Nick Haines welcomes Tavis Smiley and Peter Yelorda to The Local Show to discuss the opening of the America I AM: The African American Imprint exhibit at Union Station. The exhibit will be on display from October 22 through January 8, 2012.
Here’s Tavis Smiley discussing America I Am before its opening in Los Angeles:
America I AM: The African American Imprint is a four-year touring museum exhibition that celebrates nearly 500 years of African American contributions to this country.
America I AM provides an opportunity for people from all walks of life to explore this uniquely American story. With the nation’s first African American president, America I AM endeavors to bring together Americans of all backgrounds to achieve a greater understanding of their shared culture and history.
Scholar W.E.B. Du Bois once wrote, “Would America have been America without her Negro people?”
To examine the answer to that question, AMERICA I AM: The African American Imprint is mounted as the broadest museum exhibition of its kind. An assembly of poignant artifacts representing nearly 500 years of American history, the exhibition will convey and celebrate the undeniable imprint African Americans have had on the country and the world.
Covering history from the arrival of Africans to the present day, the exhibition presents a collection of pivotal moments of courage, conviction, and creativity that have shaped the culture and society in which we live today in this nation and around the world.
The exhibition examines four themes in particular: economic, socio-political, cultural, and spiritual impact on America. These themes serve as recurring touch points throughout the galleries, as visitors discover how our experience as Americans has been shaped by African Americans throughout history.

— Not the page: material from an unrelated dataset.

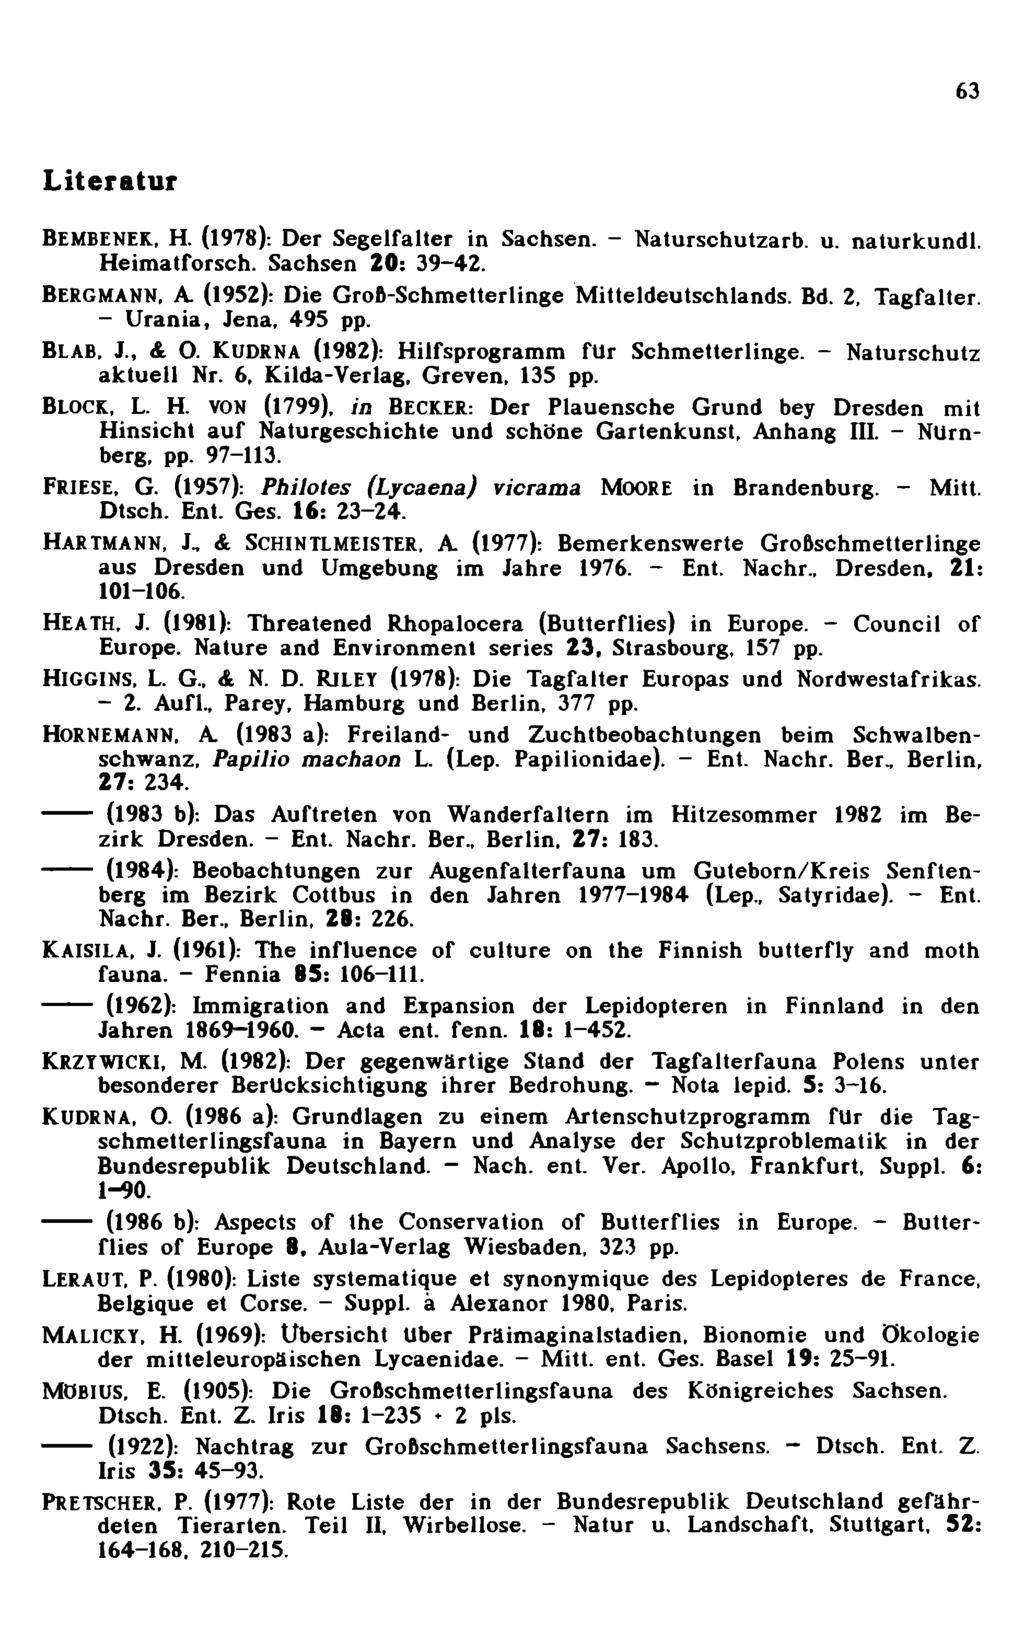 63 Literatur Bembenek, H. (1978): Der Segelfalter in Sachsen. - N aturschutzarb. u. naturkundl. H eim atforsch. Sachsen 20: 39-42. BERGMANN, A. (1952): Die G roß-schm etterlinge M itteldeutschlands.

The 15,000 square-foot exhibition is divided into twelve galleries, leading visitors through time on a journey from struggle to triumph.
Featuring more than 200 artifacts culled from every period of U.S. history, the exhibition includes objects, texts, religion, music, narration, and media. An interactive component of the exhibition allows visitors to leave their own video “imprints,” and this collection will grow throughout the life of the exhibition with the potential to become the largest recorded oral history project in U.S. history.